Although the association between COPD/CVD and the nervous system may initially seem counterintuitive, further exploring their genetic link may provide functional and molecular understanding of their etiologies. Impaired brain function is a complication of COPD and CVD [54], which can be due to systemic inflammation, induced stress, and neurochemical abnormalities [55]. Further, stimulation of nicotinic cholinergic receptors releases a variety of neurotransmitters in the brain, which have adverse effects [55]. Nicotine-related functions in both diseases were also highlighted in our biological pathway analysis.

In TWAS analysis, we integrated data from GWAS and GTEx tissue expression to identify shared mechanistic hypotheses between COPD and cardiac traits on a tissue–gene pair level. We found 231 unique gene–tissue pairs with transcriptome-wide significant associations with COPD, in addition to 8504 with RHR, 8272 with HBP, and 805 with CAD. Most were associated with heart, vascular system, and lung tissues.

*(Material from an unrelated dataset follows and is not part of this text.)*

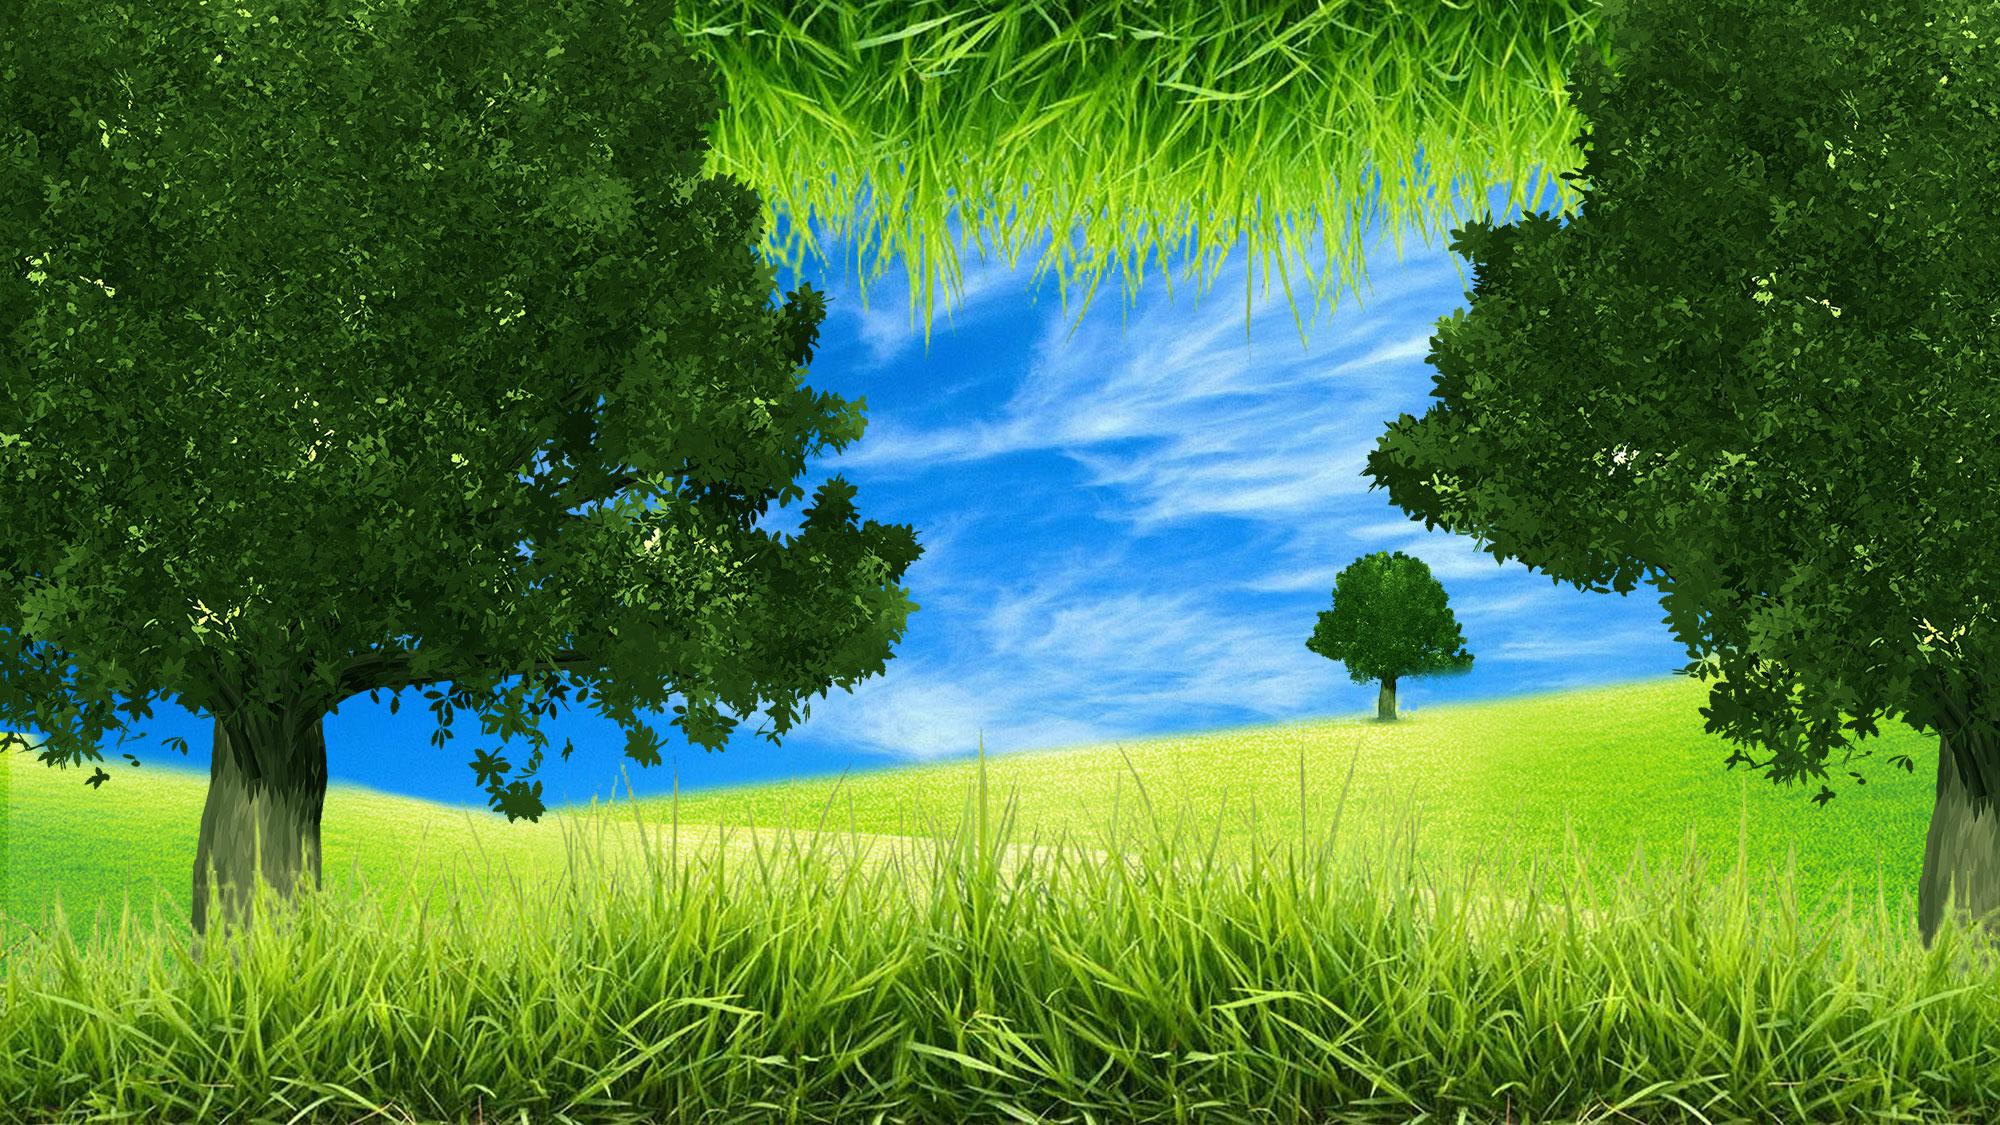 A scenery illustration

Notably, 18 COPD-associated gene–tissue pairs were shared with RHR, 16 pairs were shared with HBP, and 2 pairs were shared with CAD, thus implicating specific shared regulatory features for functional follow-up.

In addition to genetic contributions to COPD and CVD, environmental, behavioral, and clinical factors also play important roles in their comorbidity. Notably, smoking is a major common environmental risk factor for both COPD and CVD. One possible mechanism linking COPD and CVD is systemic inflammation due to smoking [9]. Thus the impact of controlling such modifiable risk factor can be large. Several interventions, such as smoking cessation, exercise, drug use (e.g., statins), increased awareness of the connection between COPD and CVD, and improved collaboration between pulmonary and cardiovascular clinicians, have been shown to improve COPD and CVD and currently represent the most hopeful approaches to disease prevention and treatment [56]. While we adjusted for cigarette smoking in our ICGC COPD GWAS, other GWAS did not, and accurate measurement of exposure is challenging. Some loci such as 15q25.1 are clearly related to cigarette smoking, which is also a risk factor for CVD. Previous studies have suggested that the 15q25.1 region played a role in nicotine, alcohol, and cocaine dependence [57]. This region has been reported related to multiple diseases, such as COPD [11]. In our cross-trait subset effect analysis, we also found 4 variants in 15q25.1 region have an effect with RHR and CAD. However, interestingly, these variants were not related to COPD, suggesting that the genetic effect of cigarette smoking between COPD and CVD is complex, and not necessarily based on the same genetic variants in 15q25.1 region.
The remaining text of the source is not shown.